# Christmas Index



## Agent

Hey Everybody, 

I am currently working on an christmas index that will contain various information including:
"Roughly Cost of Alc Drink in Christmas Market"
"Roughly Cost of Non-Alc Drink in Christmas Market"
"Typical Christmas Dish"
"Typical Christmas Drink"
"Typical Non Alcoholic Drink"

At the moment I need this information about the following cities:
Bilbao
Barcelona
Benidorm
Gran Canaria
Seville

It would be so great, when you help me out with this information. 
If there is anyone interested, I would like to write a book about Christmas traditions
The information is intended for this purpose:santa::xmasunwrap::santaface:

I hope it is not a problem when I post this post for the other cities in the respective forums.


----------



## xabiaxica

:welcome:
I've moved your post to the Media Requests area of the forum, which is where requests such as your must be posted

Good luck with your book


----------



## Agent

Nobody who can help me?


----------



## baldilocks

Agent said:


> Hey Everybody,
> 
> I am currently working on an christmas index that will contain various information including:
> "Roughly Cost of Alc Drink in Christmas Market"
> "Roughly Cost of Non-Alc Drink in Christmas Market"
> "Typical Christmas Dish"
> "Typical Christmas Drink"
> "Typical Non Alcoholic Drink"
> 
> At the moment I need this information about the following cities:
> Bilbao
> Barcelona
> Benidorm
> Gran Canaria
> Seville
> 
> It would be so great, when you help me out with this information.
> If there is anyone interested, I would like to write a book about Christmas traditions
> The information is intended for this purpose:santa::xmasunwrap::santaface:
> 
> I hope it is not a problem when I post this post for the other cities in the respective forums.

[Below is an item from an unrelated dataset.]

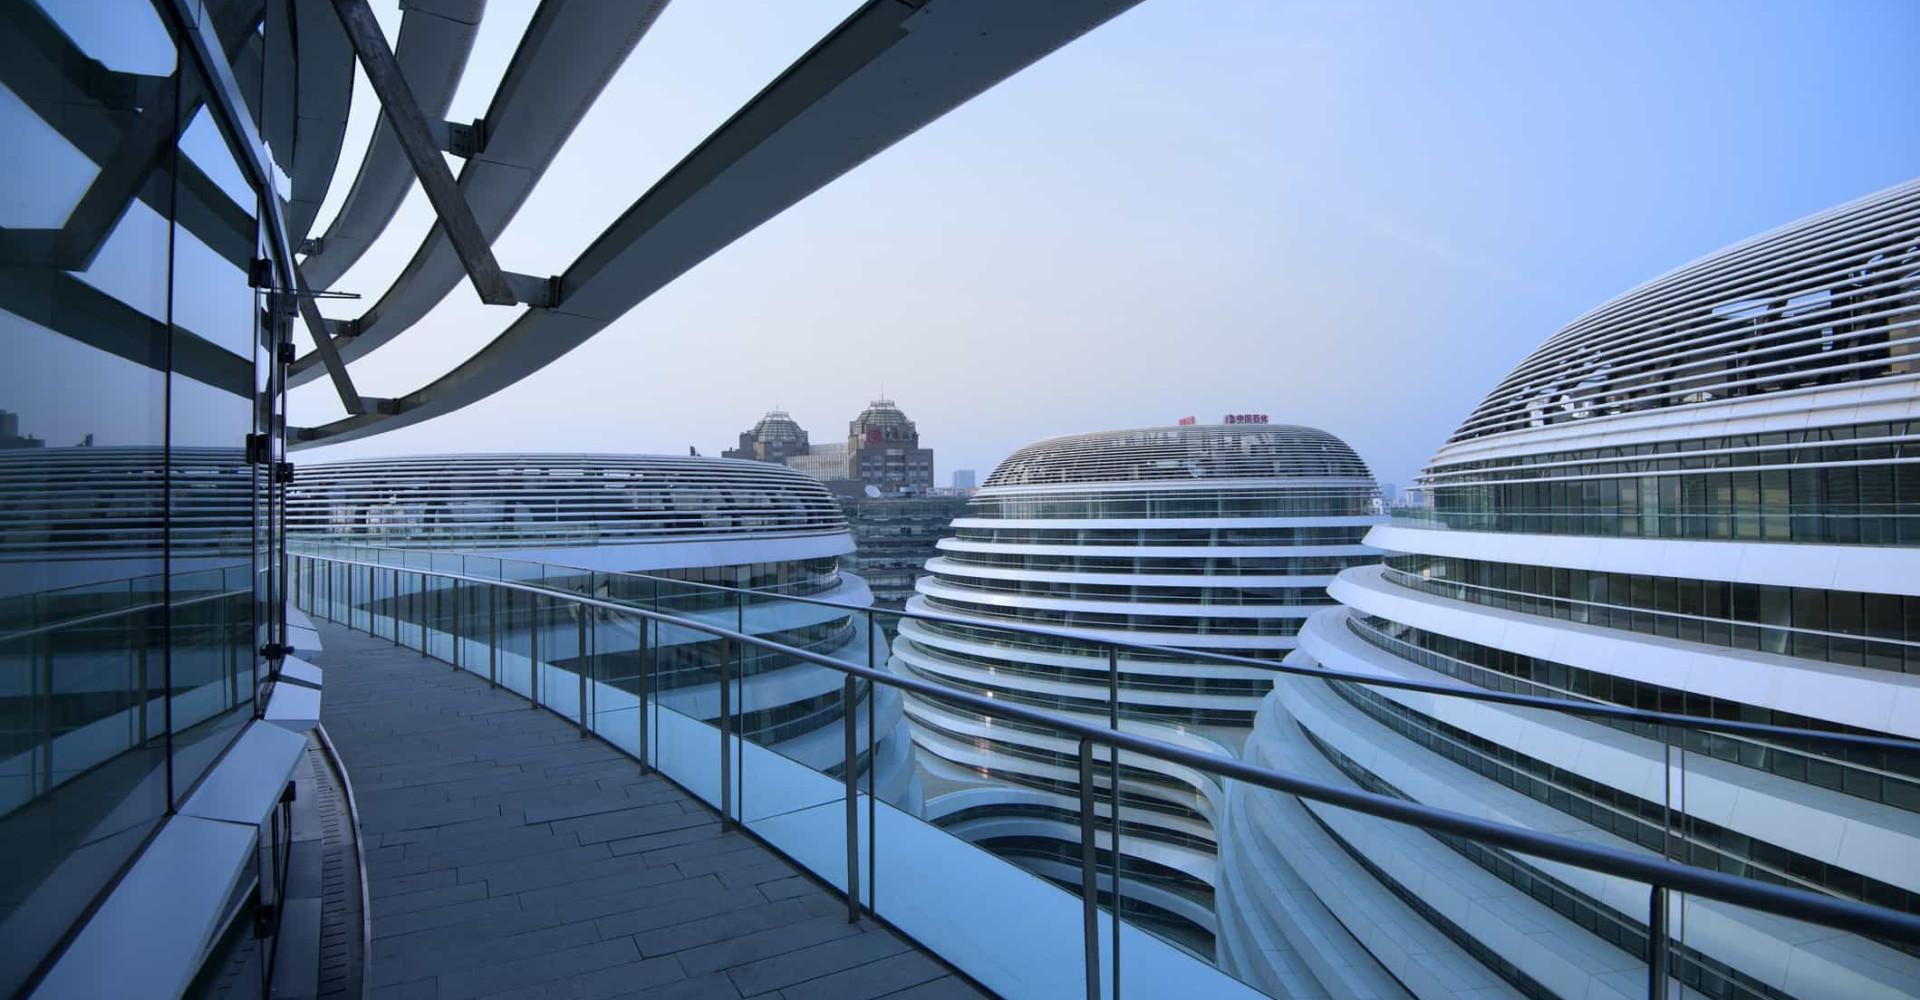 Time travel through the futuristic architecture of Zaha Hadid

I'm not entirely sure what you mean by your requests. 
What do you mean by "Christmas Market?"
Cost of alcoholic /non-alcoholic drinks - do you mean by glass/cup in a bar or by the bottle or...? Are you including things like a cup/glass of Café con leche (milky coffee)? café cortado? orange juice, etc.
What do you mean by "Typical Christmas Dish," "Typical Christmas Drink," "Typical Non Alcoholic Drink" ?? are you talking about eating out in a bar or restaurant? or at home? or visiting friends/family?

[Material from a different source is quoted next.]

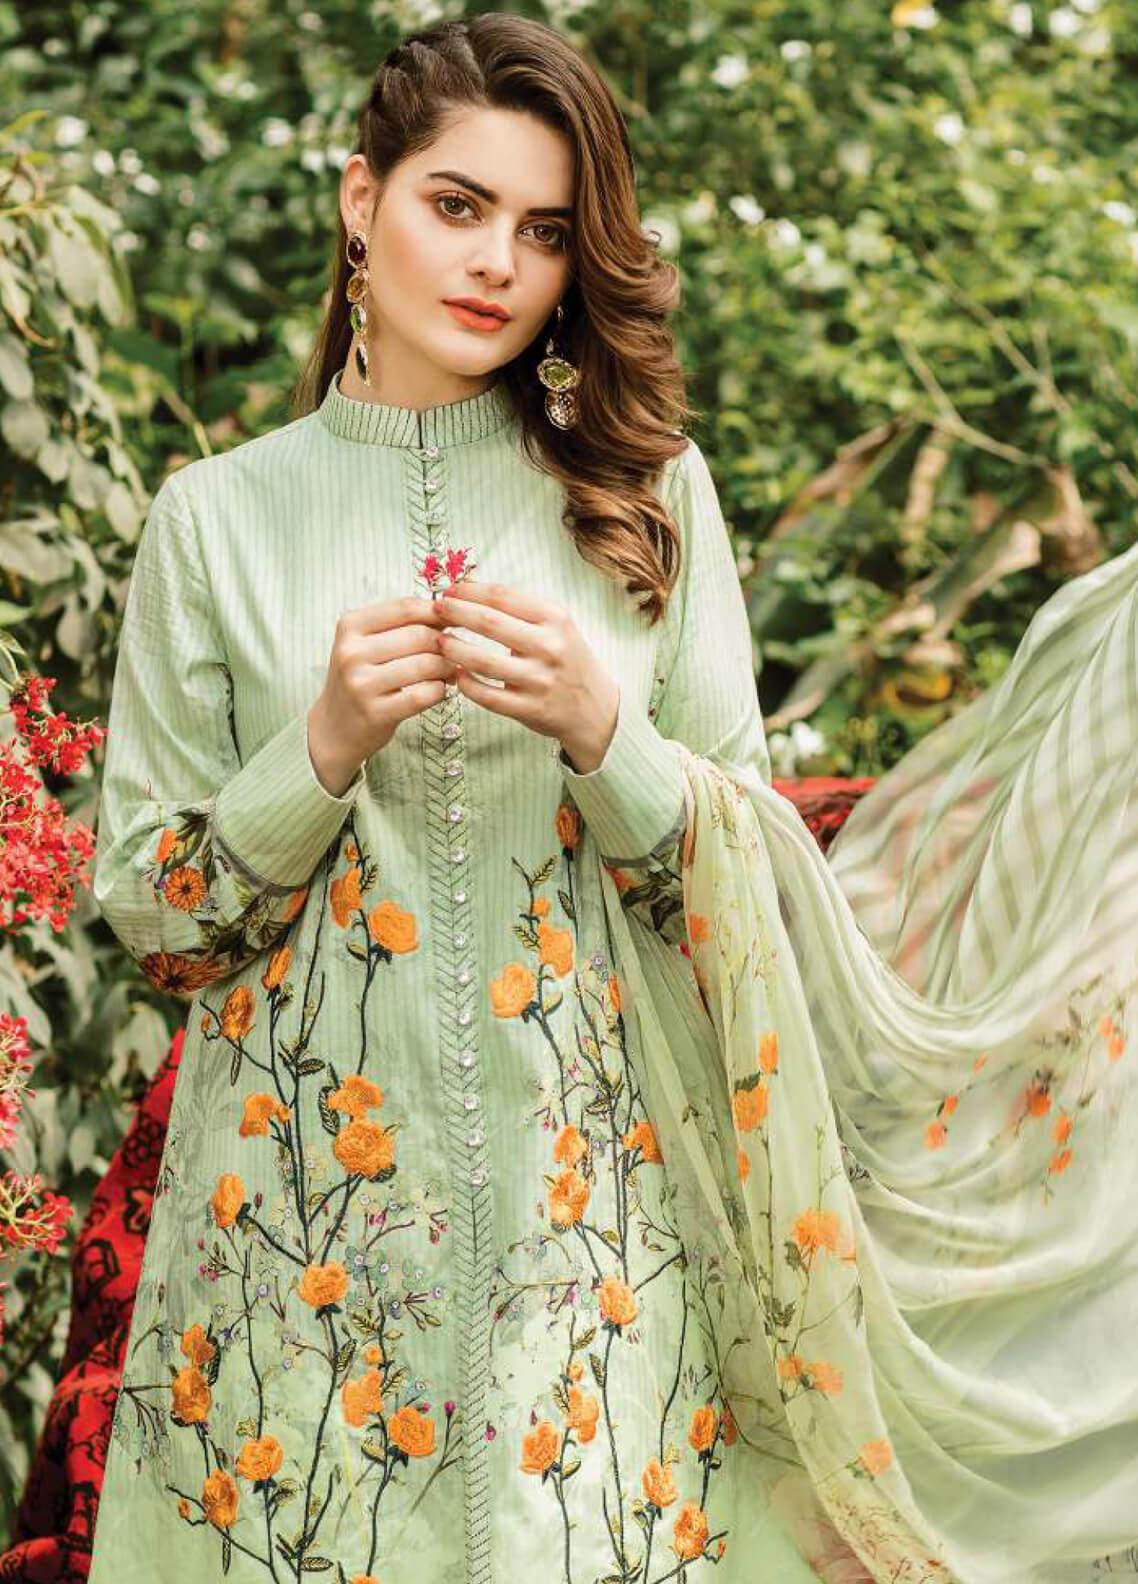 Serene Premium Embroidered Lawn Unstitched 3 Piece Suit SPM19L 11 PISTA TULIPS - Spring / Summer Collection

I don't live in any of those cities since I live in a small village (pop. 4.900) and while there are some similarities in what might be on offer with regard to food and drink, the prices are very different. For example, I would expect to pay 2x or 3x what I would pay here if I went to Sevilla or Barcelona (I don't know the other cities) but only 1½x - 2x if I went to Córdoba or Granada unless, of course, I went to the very touristy quarters.


----------



## Agent

baldilocks said:


> I'm not entirely sure what you mean by your requests.
> What do you mean by "Christmas Market?"
> Cost of alcoholic /non-alcoholic drinks - do you mean by glass/cup in a bar or by the bottle or...? Are you including things like a cup/glass of Café con leche (milky coffee)? café cortado? orange juice, etc.
> What do you mean by "Typical Christmas Dish," "Typical Christmas Drink," "Typical Non Alcoholic Drink" ?? are you talking about eating out in a bar or restaurant? or at home? or visiting friends/family?
> 
> I don't live in any of those cities since I live in a small village (pop. 4.900) and while there are some similarities in what might be on offer with regard to food and drink, the prices are very different. For example, I would expect to pay 2x or 3x what I would pay here if I went to Sevilla or Barcelona (I don't know the other cities) but only 1½x - 2x if I went to Córdoba or Granada unless, of course, I went to the very touristy quarters.


Hey, thank you for answer.
Isnt it common in spain to have christmas markets with food and drinks etc?
And yes, I mean selfmade dishes at home, traditional food and drinks, not restaurants etc. 
This book is about familie life at christmas time and fewer like an tour guide, I would say its something like an Culture Book.


----------



## Agent

Oh sorry I forget to answer one question: Yeah one cup/mug of an tradiotional christmas drink like mulled wine, we have in germany something called "Glühwein" its an hot beverage and really common


----------



## xabiaxica

Agent said:


> Hey, thank you for answer.
> *Isnt it common in spain to have christmas markets* with food and drinks etc?
> And yes, I mean selfmade dishes at home, traditional food and drinks, not restaurants etc.
> This book is about familie life at christmas time and fewer like an tour guide, I would say its something like an Culture Book.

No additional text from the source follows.